BEGIN DATA EXCERPTS

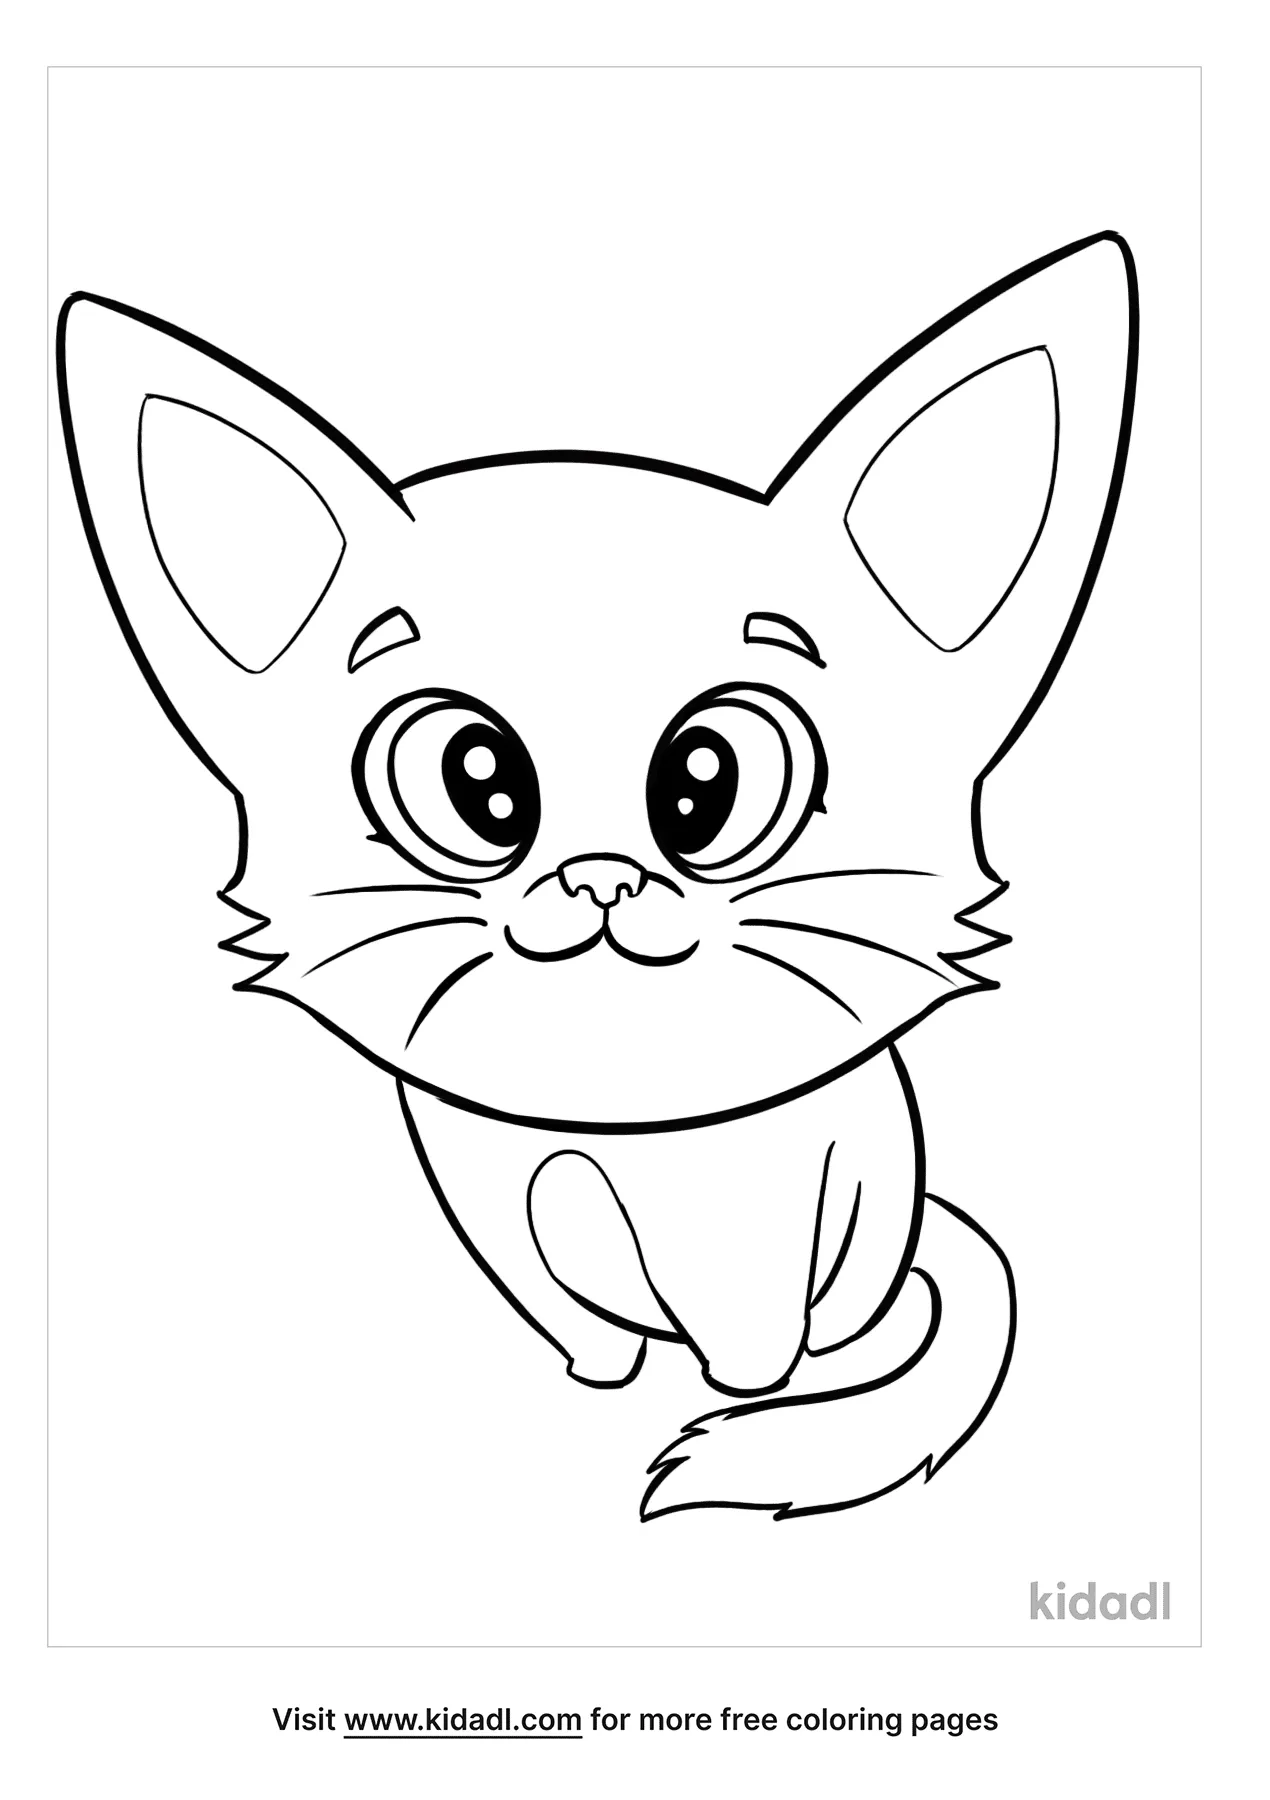 Free Big Eyed Kitten Coloring Page | Coloring Page Printables | Kidadl
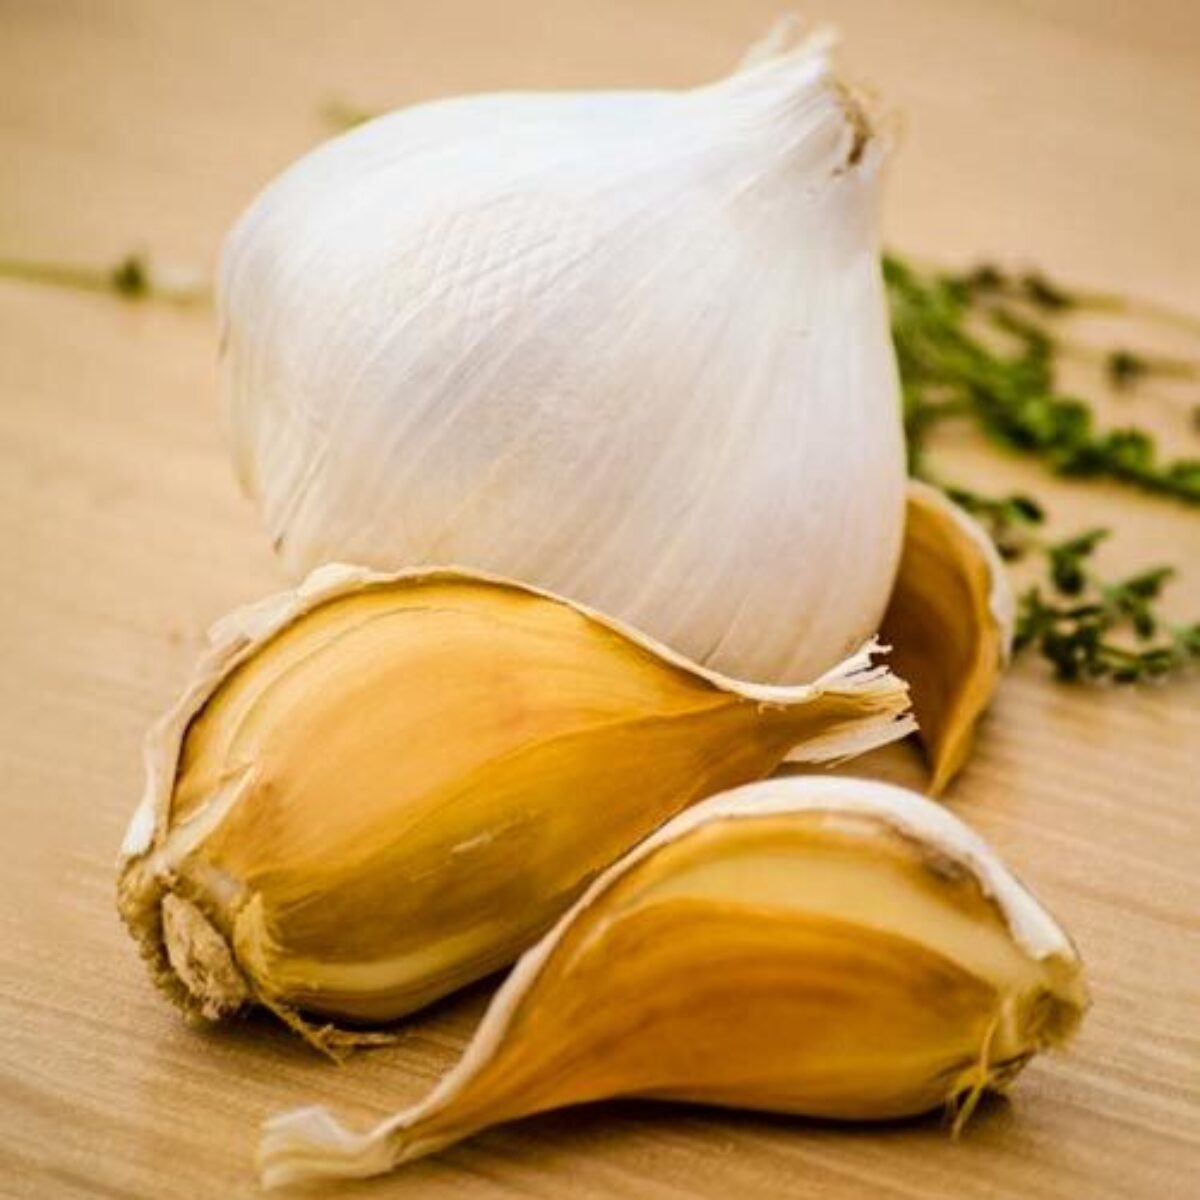 How to grow green garlic at home - Vanita's Corner
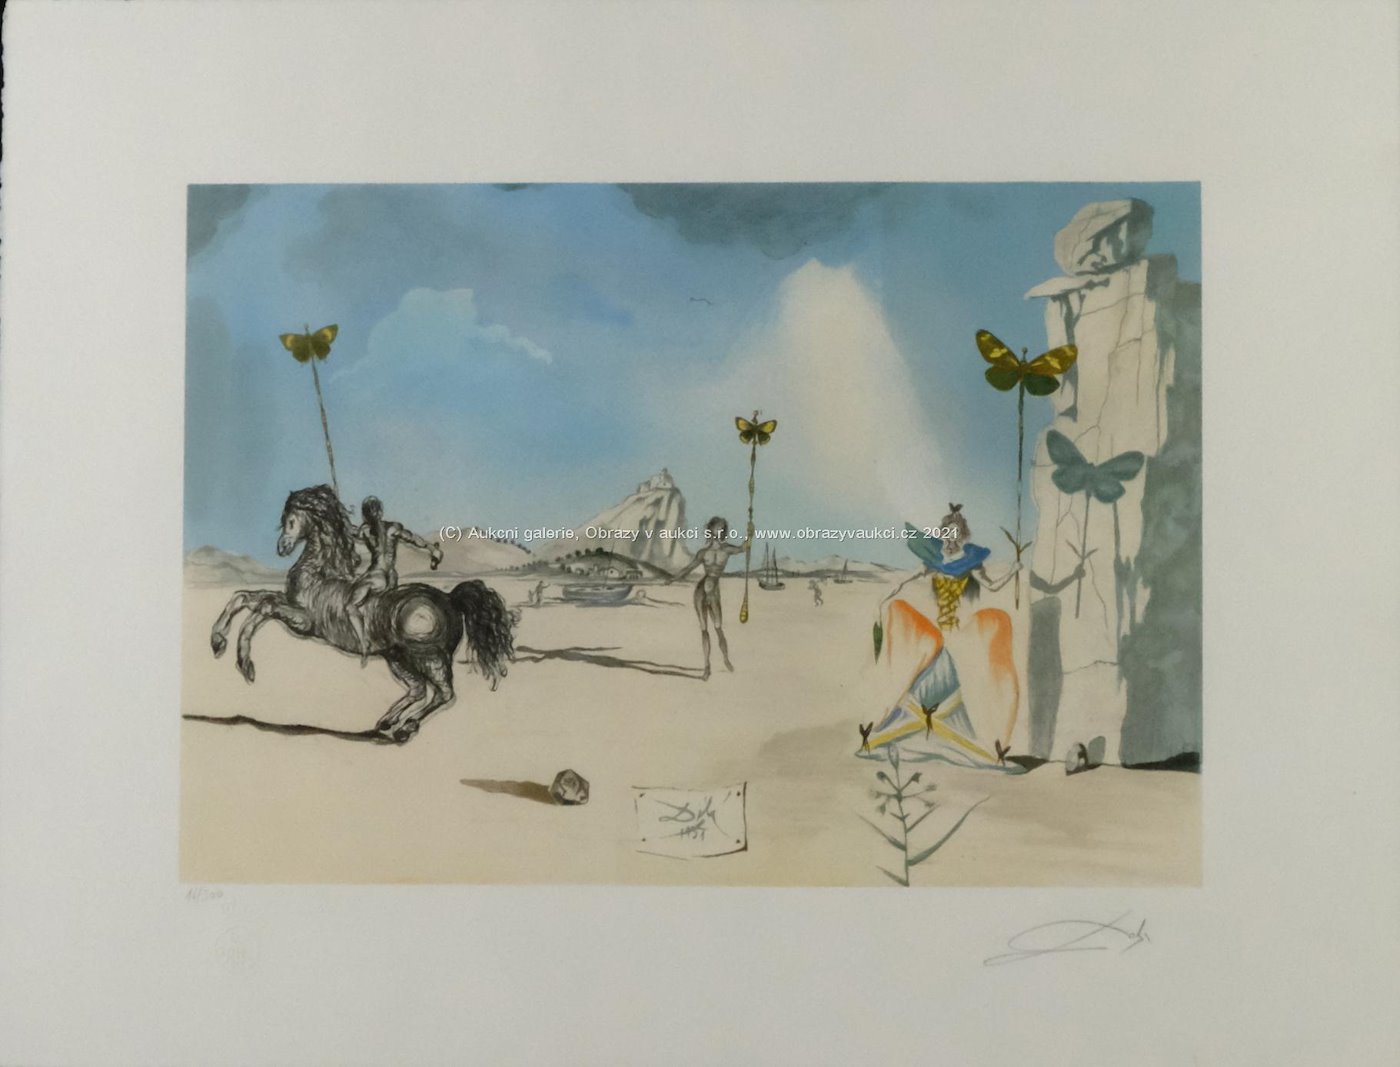 Salvador Dalí - Landscape with Cavalier and Gala
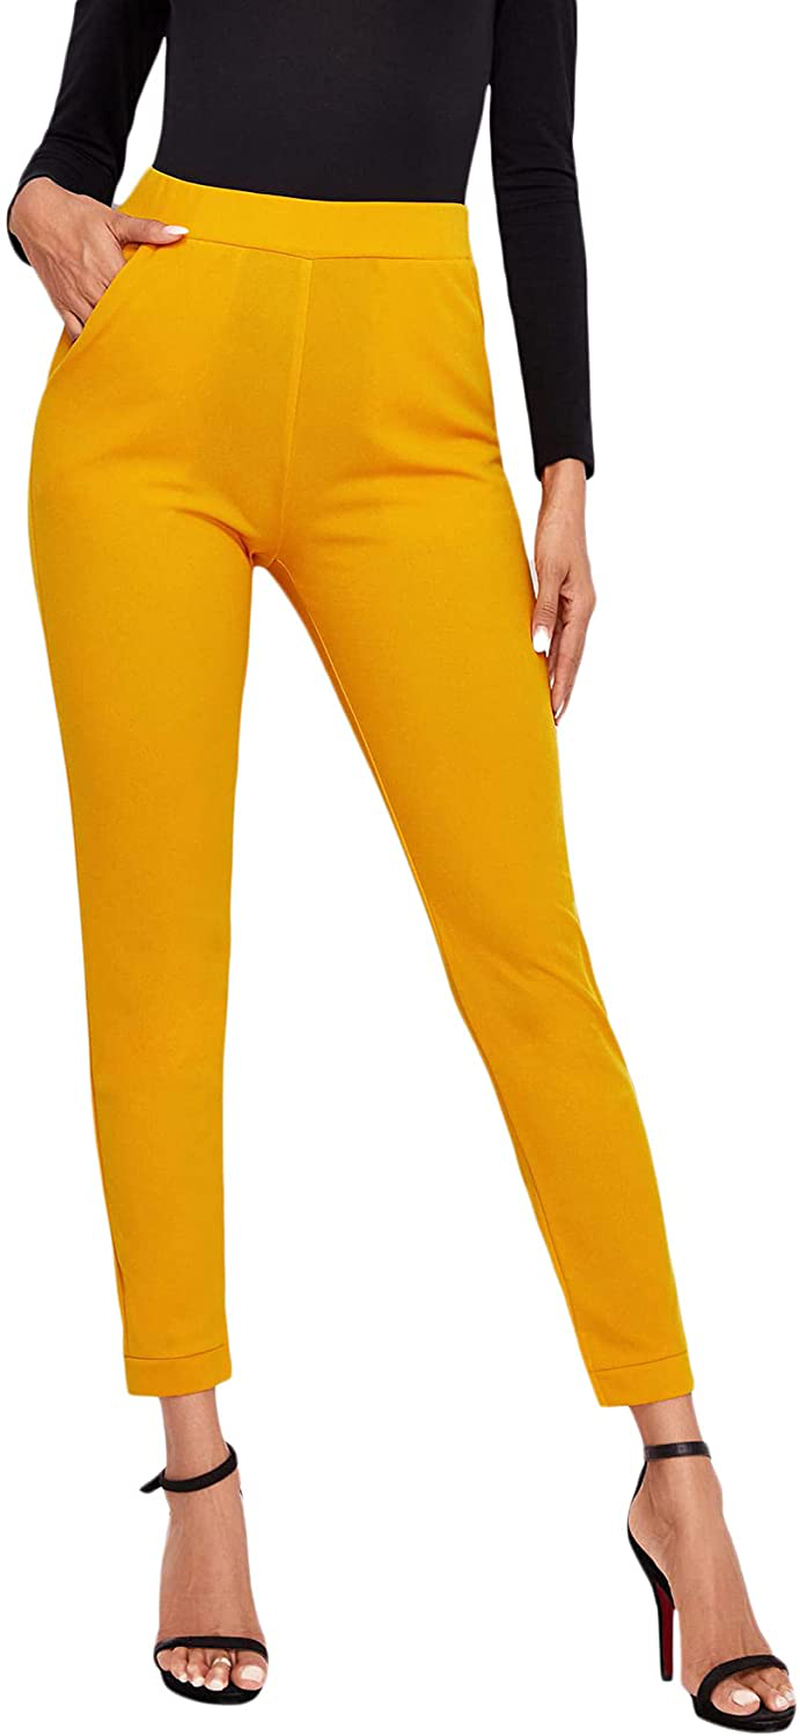 SOLY HUX Women's Pocket Side Elastic High Waist Elegant Trousers Skinny Pants
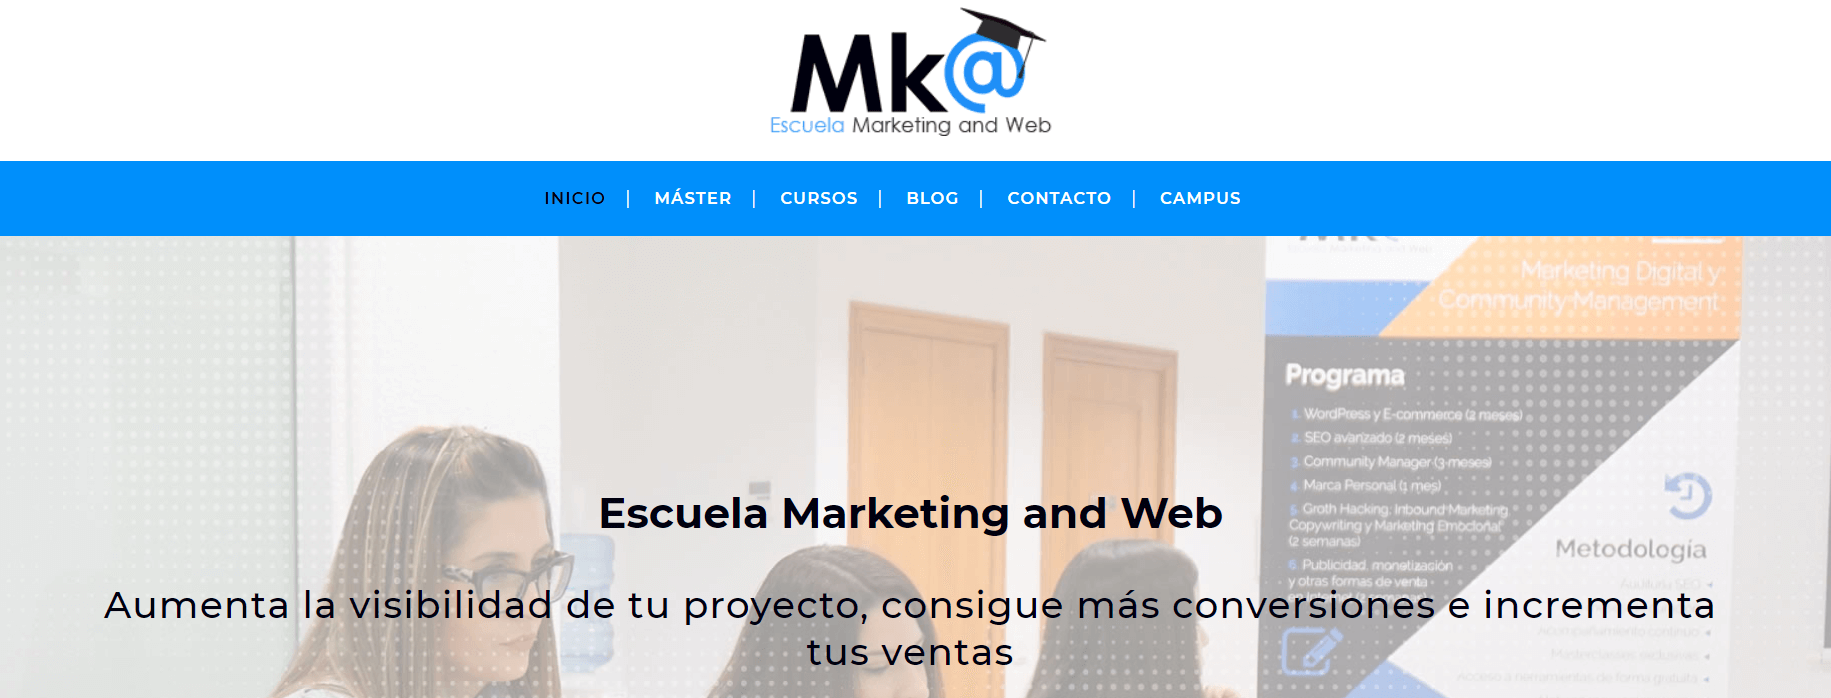 escuela marketing and web

END DATA EXCERPTS

#### EXERCISE GOAL:
Before answering, please find the line containing "SOLY HUX Women's" above, then copy exactly from it through the last line of the entries, both included, without pictures.

#### EXERCISE OUTPUT:
 SOLY HUX Women's Pocket Side Elastic High Waist Elegant Trousers Skinny Pants
 escuela marketing and web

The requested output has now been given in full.